# .exe Dateien öffnen sich im WordPad



## TobGod (18. Mai 2006)

Hi,
hatte einen Stick im Rechner, bei dem in jedem Ordner eine .exe Datei war, die den Ordnernamen trug. Mein Virenscanner sagte mir, dass es der Wurm Generic.Brontok ist. Leider konnte er die Datei nicht löschen. Auch manuell ging es nicht, weder normal, noch komme ich in den abgesicherten Modus. Seltsamerweise konnte man die Datei mit "Öffnen mit" öffnen. Dachte mir, dass ich so irgendwas rausbekomme. Leider Gottes habe ich WordPad doppeltgeklickt. Nun werden ALLE .exe Dateien mit dem WordPad geöffnet. Habe jetzt 2 Stunden im Internet nach einer Lösung gesucht. Viele sagen, eine reg-Datei erstellen und die wohl wahrscheinlich geänderten Werte damit zurück zu setzen. Bei allen scheint es zu klappen, bei mir jedoch kommt die Meldung (ungefähr):

Nicht alle Registry-Werte konnten eingetragen werden, da Sie im Moment vom System oder von anderen Programmen genutzt werden.
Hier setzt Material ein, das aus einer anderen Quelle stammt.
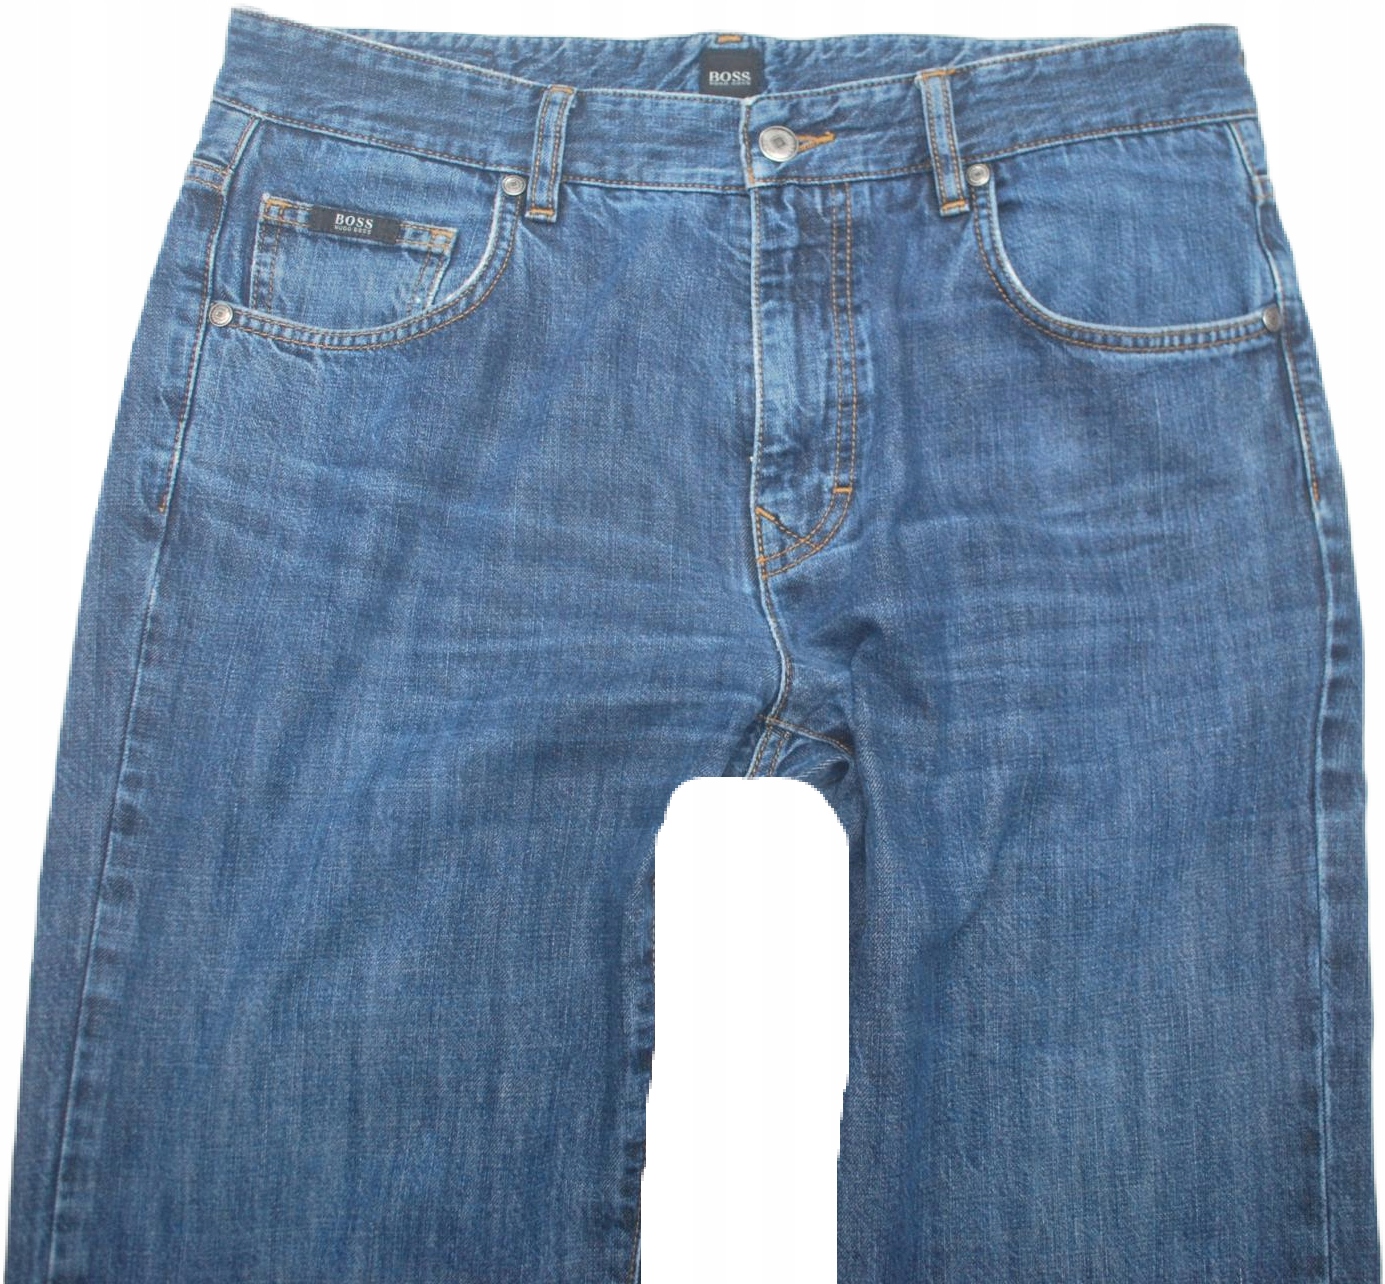 z Modne Spodnie jeans Hugo Boss 34/36 Kansas USA

Großes Problem: Ich habe auf diesem Rechner keine Adminrechte und kann deshalb nicht im abgesicherten Modus starten, um die reg Datei dort auszuführen.

Bin vergeblich auf der Suche nach einer Lösung OHNE den Rechner zu formatieren..

Systemwiderherstellung (auch eine .exe) und Reparatur (ohne Erfolg)

Noch eine Info: Habe Windoof 2000 NT


----------



## franz007 (18. Mai 2006)

"Ordner Optionen" - "Dateitypen" dort den Eintrag für exe löschen.

//edit

dann einen neuen eintrag erstellen: Erweiterung "exe" und Typ "Anwendung"


----------